Robert Oliveras

Personal information
- Full name: Robert Oliveras Aceves
- Date of birth: 23 November 2010 (age 15)
- Place of birth: Barcelona, Spain
- Height: 1.82 m (6 ft 0 in)
- Position: Midfielder

Team information
- Current team: Barcelona

Youth career
- Sant Gabriel
- 0000–2024: Damm
- 2024–: Barcelona

International career^{‡}
- Years: Team / Apps / (Gls)
- 2024–2025: Mexico U15 / 10 / (1)
- 2026–: Mexico U16 / 1 / (0)

= Robert Oliveras =

Mexican footballer (born 2010)

Robert Oliveras Aceves (born 23 November 2010) is a footballer who plays as a midfielder for Barcelona. Born in Spain, he is a Mexico youth international.

==Early life==
Oliveras was born on 23 November 2010 in Barcelona, Spain and grew up in El Clot neighborhood, Barcelona.

Born to a Mexican mother and a Spanish father, he obtained Mexican citizenship and Spanish citizenship.

==Club career==
As a youth player, Oliveras joined the youth academy of Spanish side Sant Gabriel. Following his stint there, he joined the youth academy of Spanish side Damm, where he played as a midfielder in the club's 4–2–3–1 formation.

Ahead of the 2024–25 season, he joined the youth academy of Spanish La Liga side Barcelona, helping the club's under-16 team win the 2026 Alkass International Cup.

==International career==
Oliveras is a Mexico youth international and has represented the country internationally at under-15 and under-16 levels and is eligible to represent Spain internationally. Argentine manager Andrés Lillini, the director of Mexico's youth national teams at the time, discovered his eligibility to represent Mexico internationally through a friend and contacted his parents to convince him to represent Mexico internationally.

On 26 November 2024, he debuted for the Mexico national under-15 football team during a 0–4 away friendly loss to the Spain national under-15 football team. During the summer of 2025, he played for the Mexico national under-15 football team at the 2025 CONCACAF Boys' Under-15 Championship, helping the team win the competition. On 30 March 2026, he debuted for the Mexico national under-16 football team during a 0–1 away friendly loss to the Portugal national under-16 football team.

==Style of play==
Oliveras plays as a midfielder.

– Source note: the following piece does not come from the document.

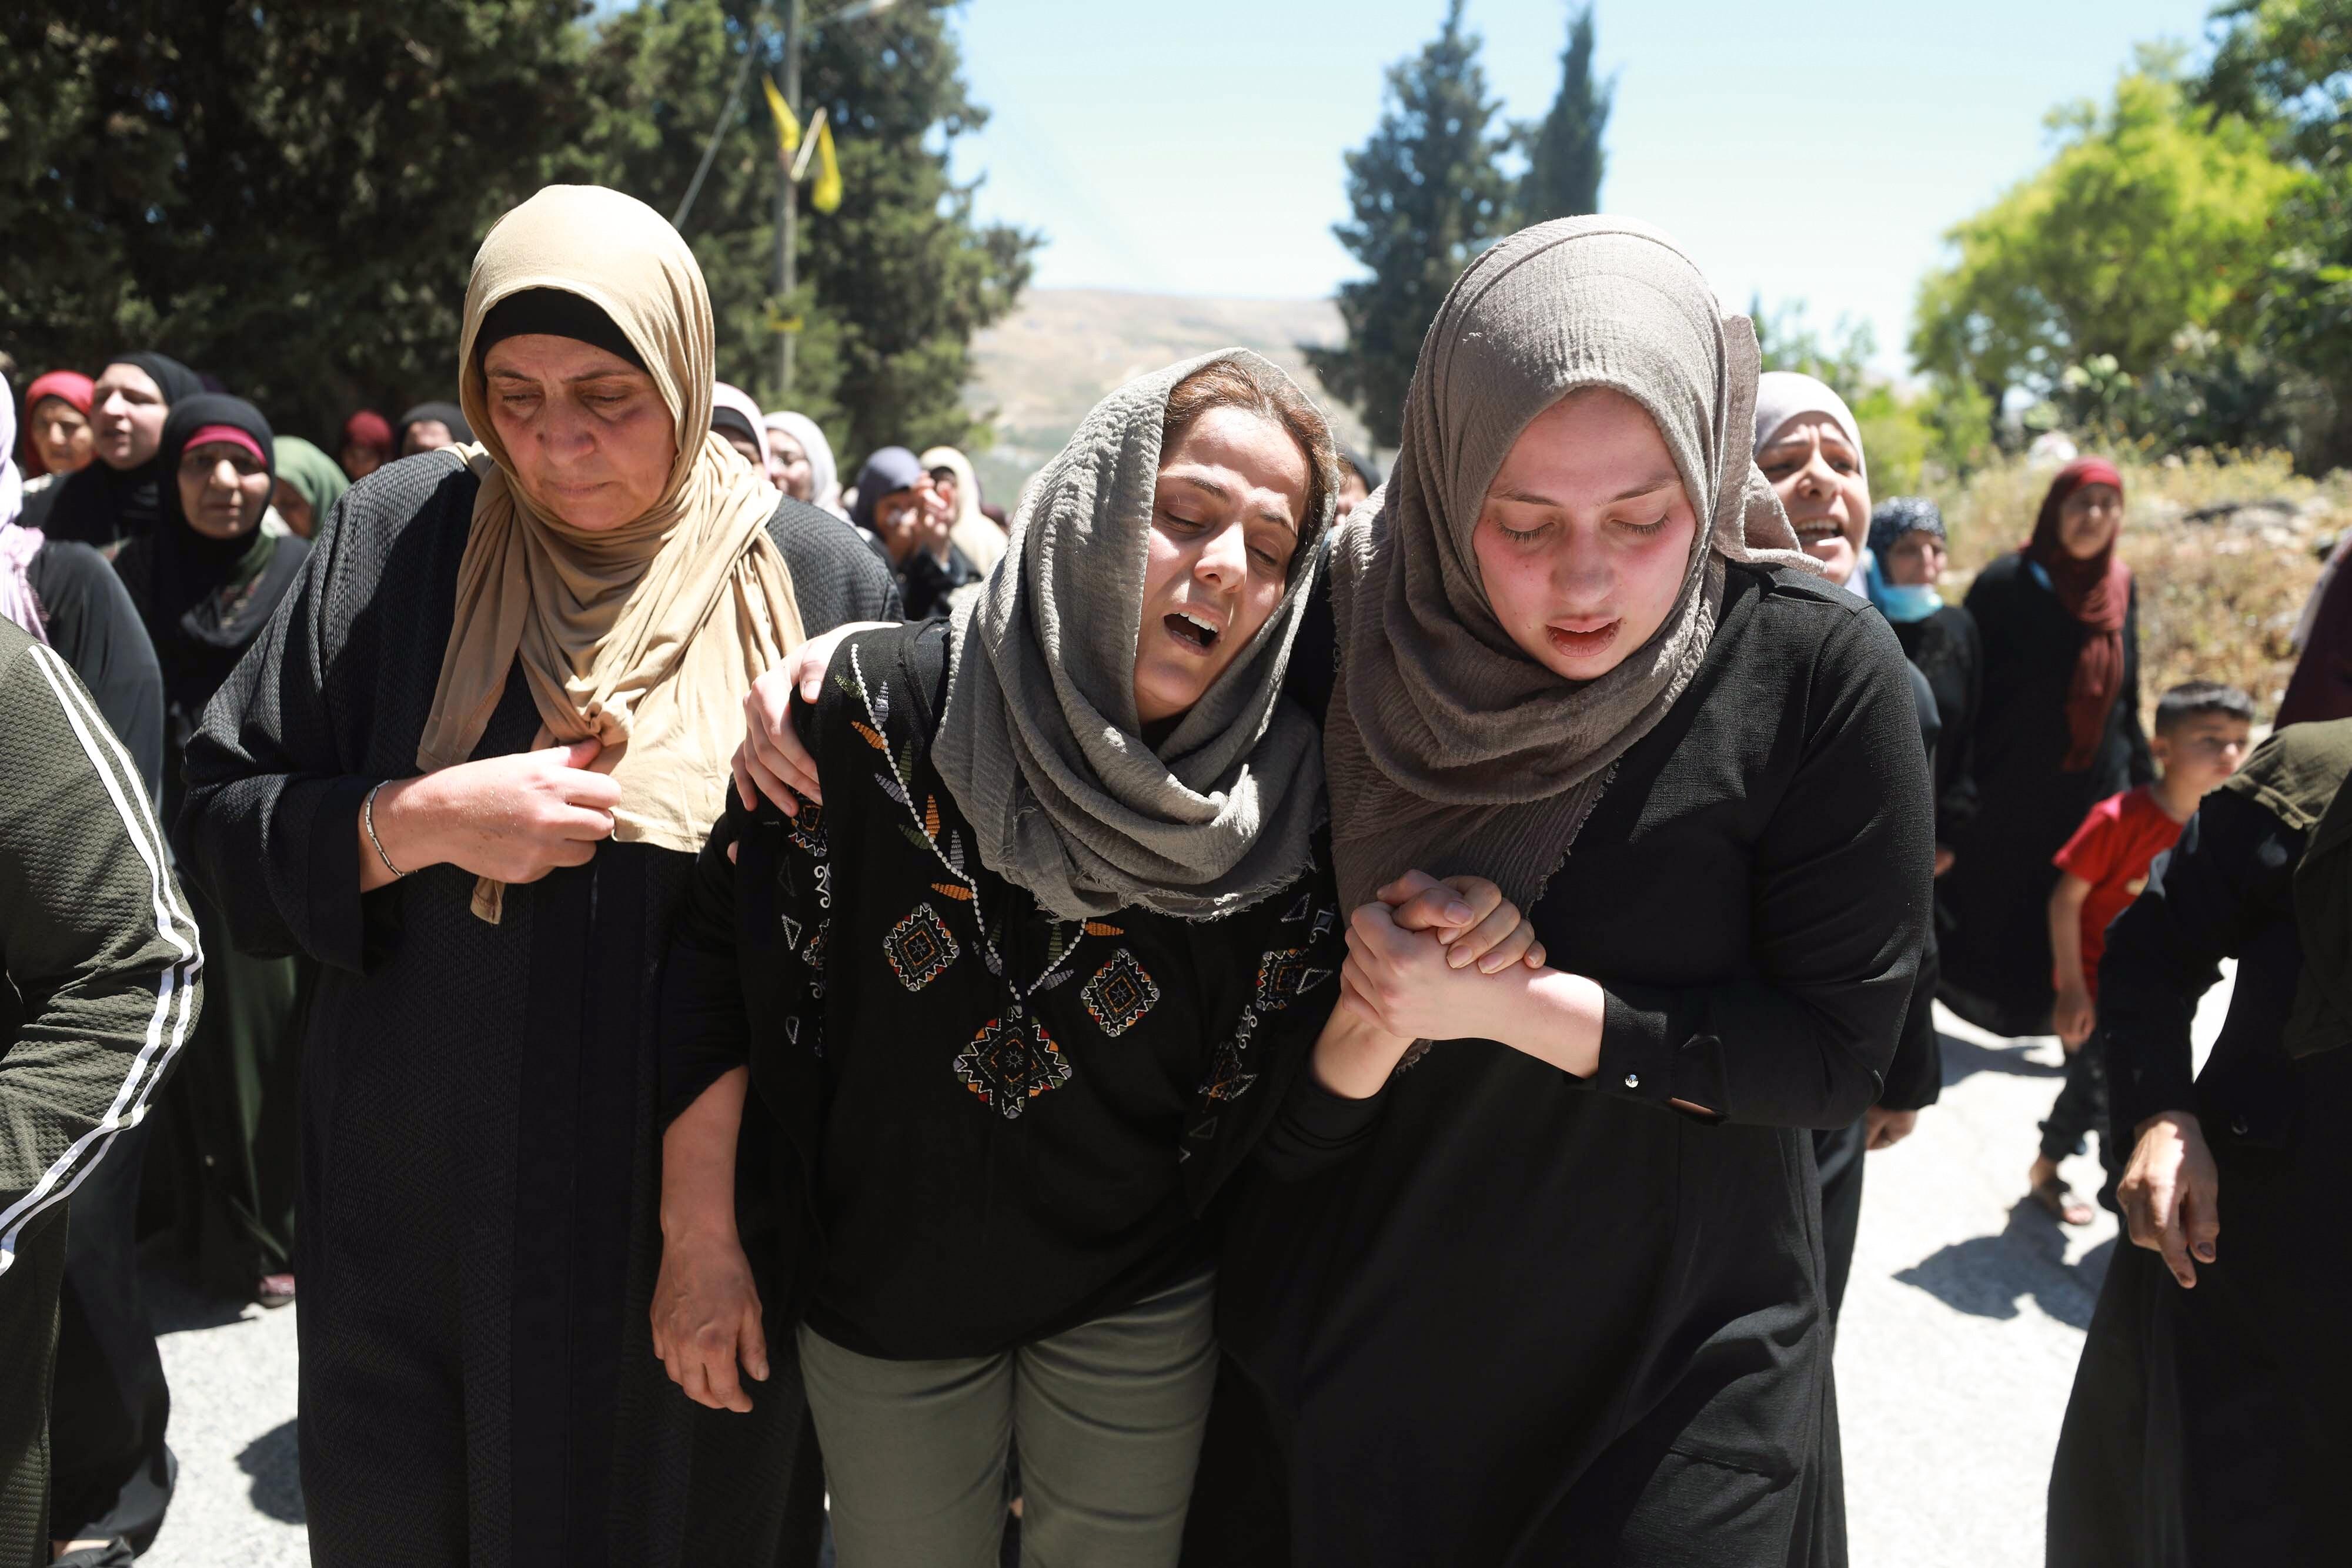 NABLUS, BANCO OESTE - 15 DE MAYO: Personas asisten a un funeral celebrado por el palestino Husam Asayra, de 20 años, muerto en una manifestación en Cisjordania contra los ataques israelíes cuando las fuerzas israelíes se enfrentaron con los manifestantes para dispersar sus manifestaciones, en Nablus, Cisjordania el 15 de mayo de 2021 (Foto de Issam Rimawi / Agencia Anadolu a través de Getty Images)

Right-footed, he has played as a defender while playing for the youth academy of Spanish La Liga side Barcelona.

Argentine news website Infobae wrote in that "technical reports highlight his versatility on the pitch, as he performs both offensive and defensive duties with ease. His speed and physical presence are attributes that have allowed him to excel among his peers and adapt to different positions".